The fourth is the tax risk of paying taxes and late fees, such as tax arrears;

The fifth is the tax risk of paying taxes only, for example, the tax authorities lead to not paying taxes or paying less taxes.

I. Tax risks

The tax risk of enterprises mainly includes two aspects: on the one hand, the tax payment behavior of enterprises does not conform to the provisions of tax laws and regulations, and they should pay taxes instead of paying taxes, thus facing the risks of paying taxes, fines, fines for late fees, reputation damage, etc. On the other hand, the application of the tax law to the business activities of enterprises is not accurate, and the relevant preferential policies are not fully utilized, and more taxes are paid and unnecessary tax burdens are borne.

II. Introduction

Generally speaking, enterprise tax risk refers to the possible loss of enterprise's future interests due to the failure of tax-related behavior to correctly and effectively abide by the tax law.

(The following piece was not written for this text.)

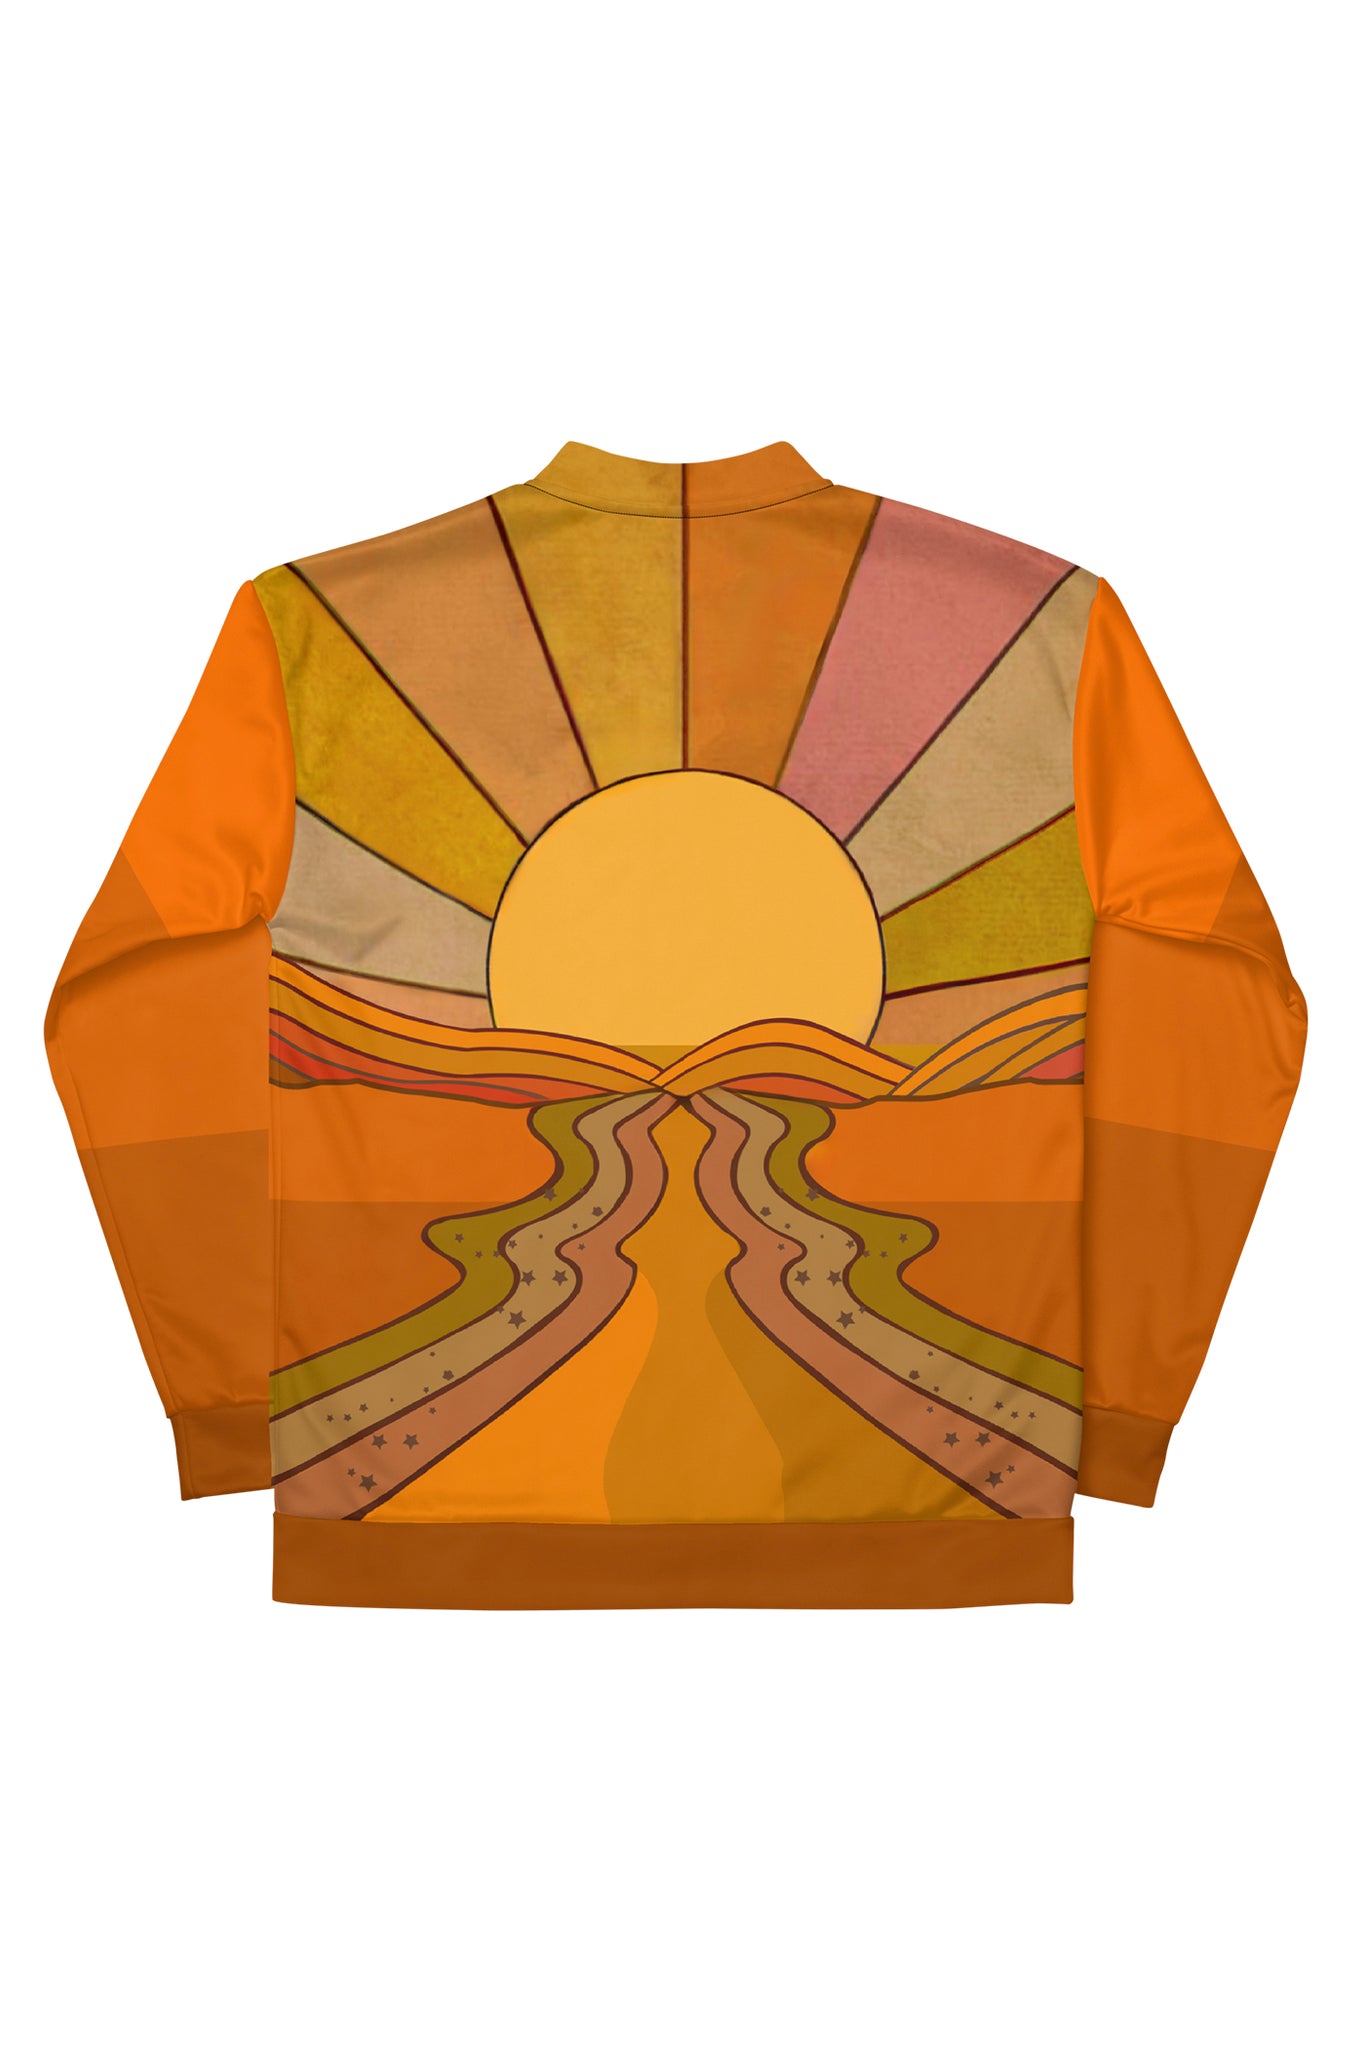 Good Day Sunshine ☀︎ Track Star jacket

However, Zhang Qi, the author of Two Hours to Understand Tax Risk, believes that this static definition can not reveal the essence of tax risk well. In his view, tax risk refers to the uncertainty of losses caused by the difference between the actual performance of enterprises and the actual standards that should be achieved when observing tax laws.

Third, subjectivity.

Taxpayers and tax authorities have different understandings of the same tax-related business, which directly leads to tax risks. At the same time, tax business shows a subjective attitude in related business, and different tax agencies have different understandings of the tax system, which is why it is difficult for both taxpayers and taxpayers to reach an agreement in communication. "As a result, corporate tax risks have emerged, and they vary greatly due to different specific circumstances.